# What you have to do
The line that contains "W Doha Hotel" marks the start. Please set it down, with every later line of the data, exactly and without pictures.

# Data
┌──

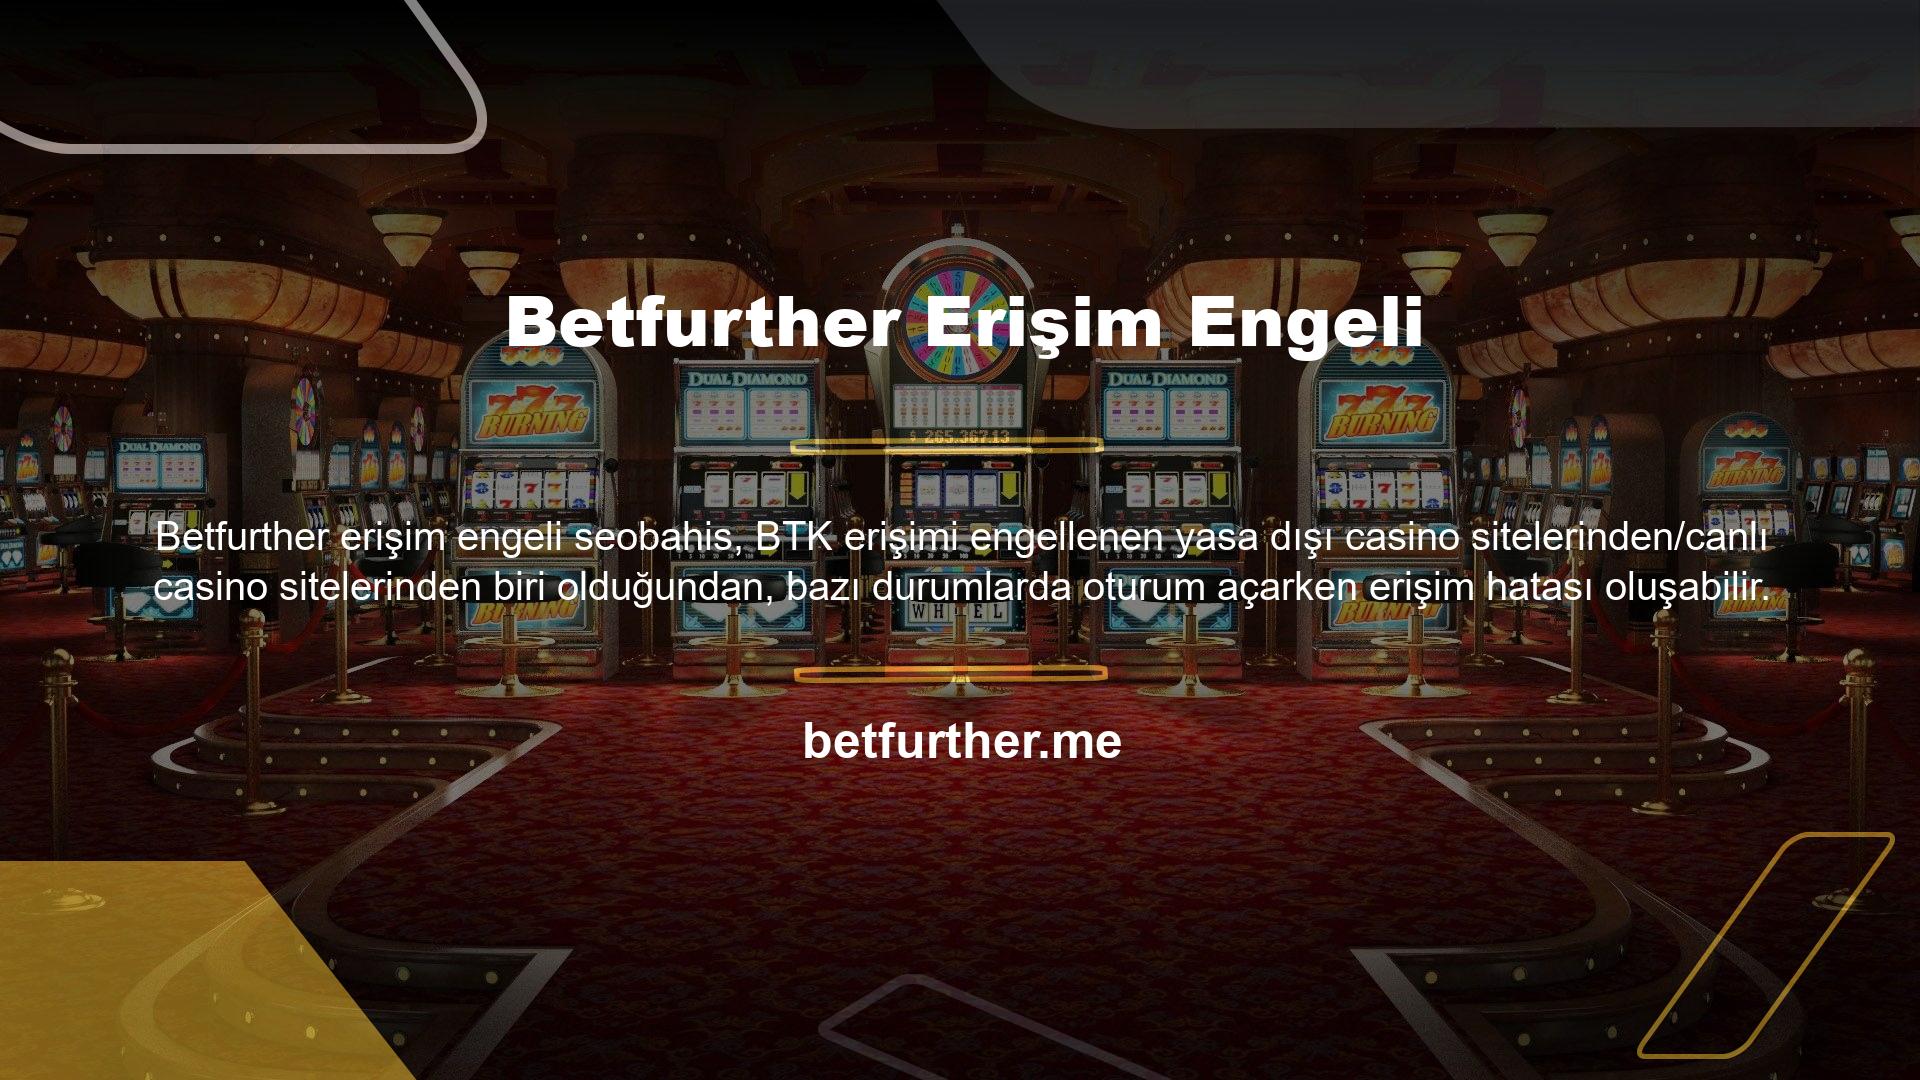 En güvenilir bahis sitelerinden biri olan Betfurther, web sitesi altyapısı (bilinen en güçlü altyapı) tarafından desteklenmektedir ve çok çeşitli bahis seçenekleri sunan ve her yerde bahis oynayabileceğiniz bir canlı bahis sitesidir
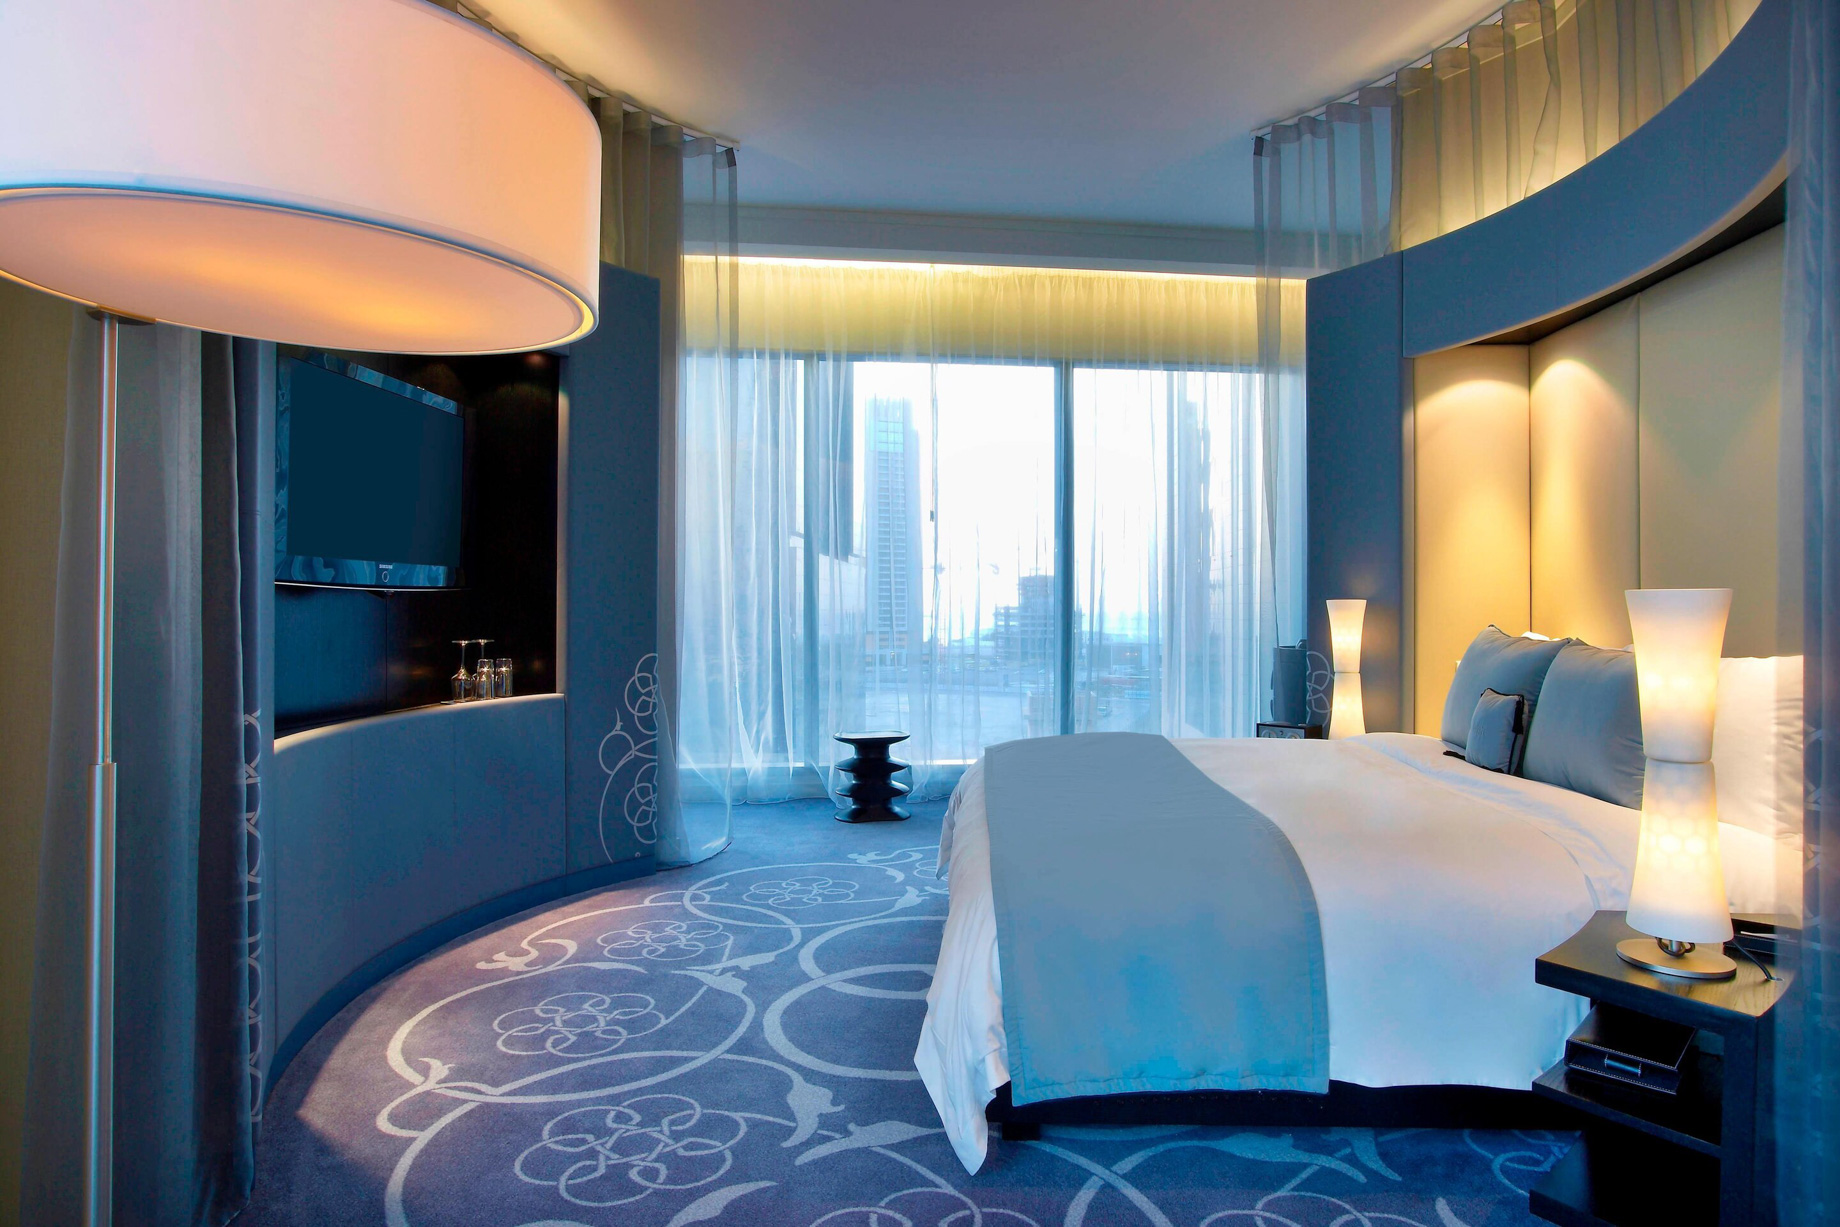 W Doha Hotel - Doha, Qatar - Spectacular Room Bedroom
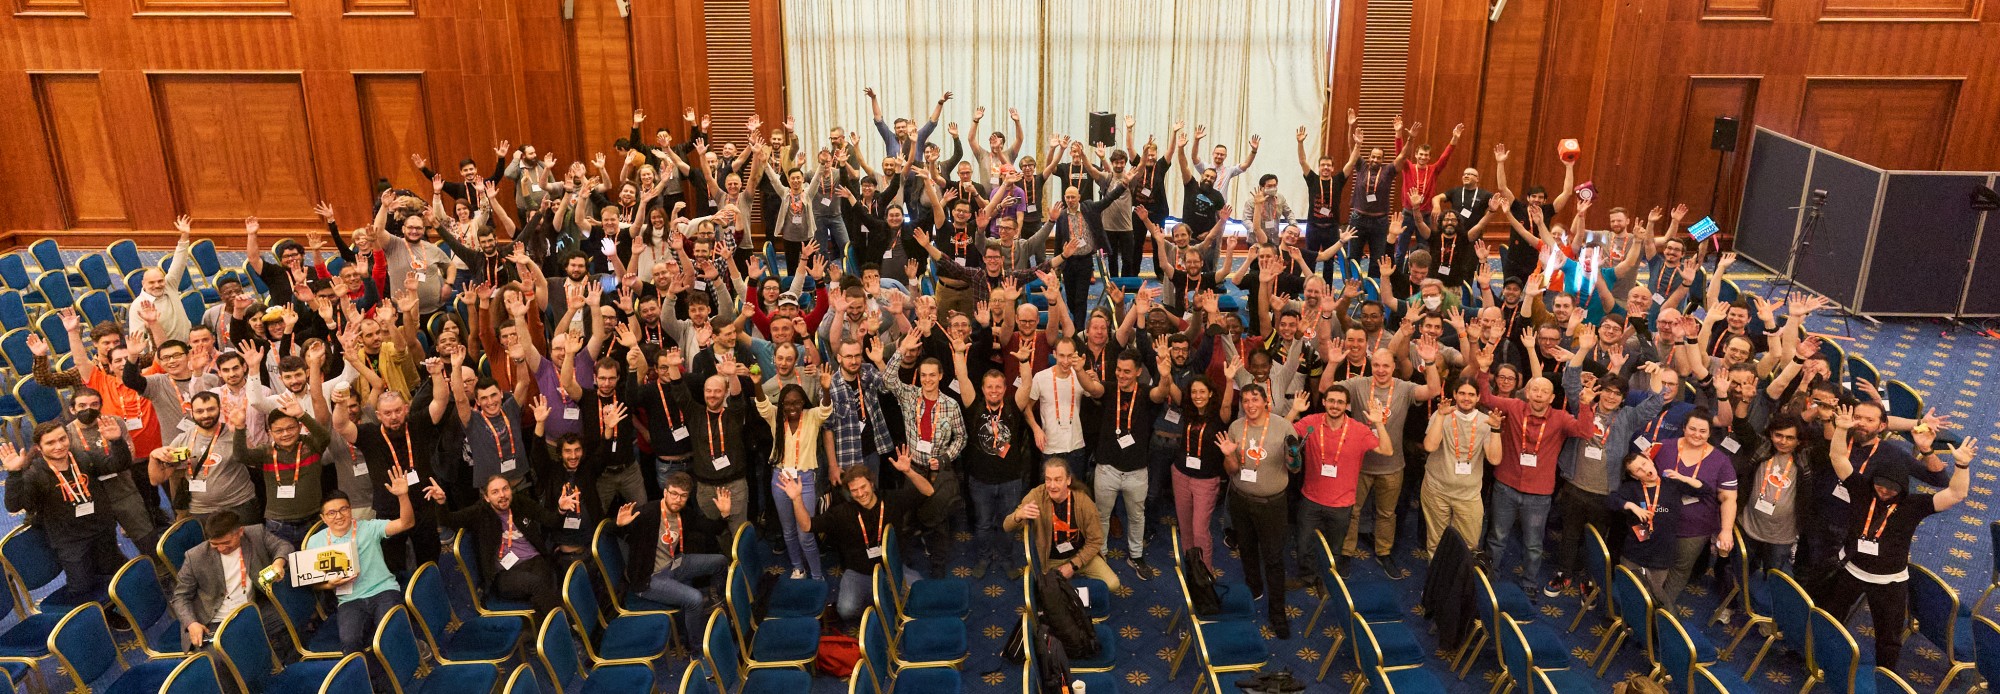 Ubuntu Summit group photo.
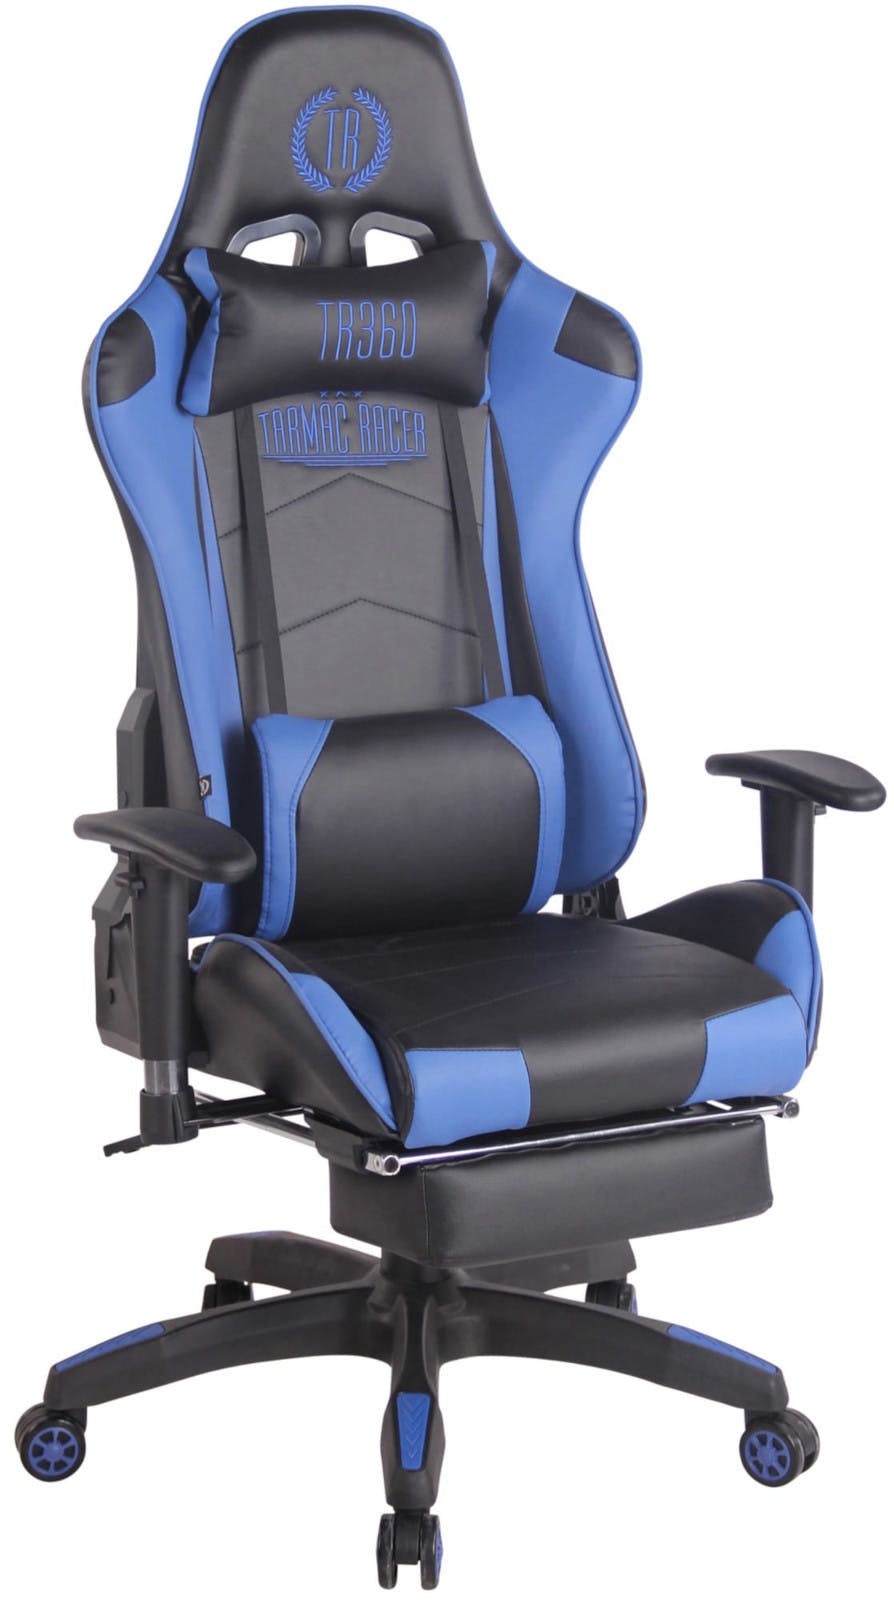 taal Slot ik zal sterk zijn Racing bureaustoel XL Turbo met voetsteun zwart/blauw | MAKRO Webshop

└──

# Written reply
 W Doha Hotel - Doha, Qatar - Spectacular Room Bedroom
 Ubuntu Summit group photo.
 taal Slot ik zal sterk zijn Racing bureaustoel XL Turbo met voetsteun zwart/blauw | MAKRO Webshop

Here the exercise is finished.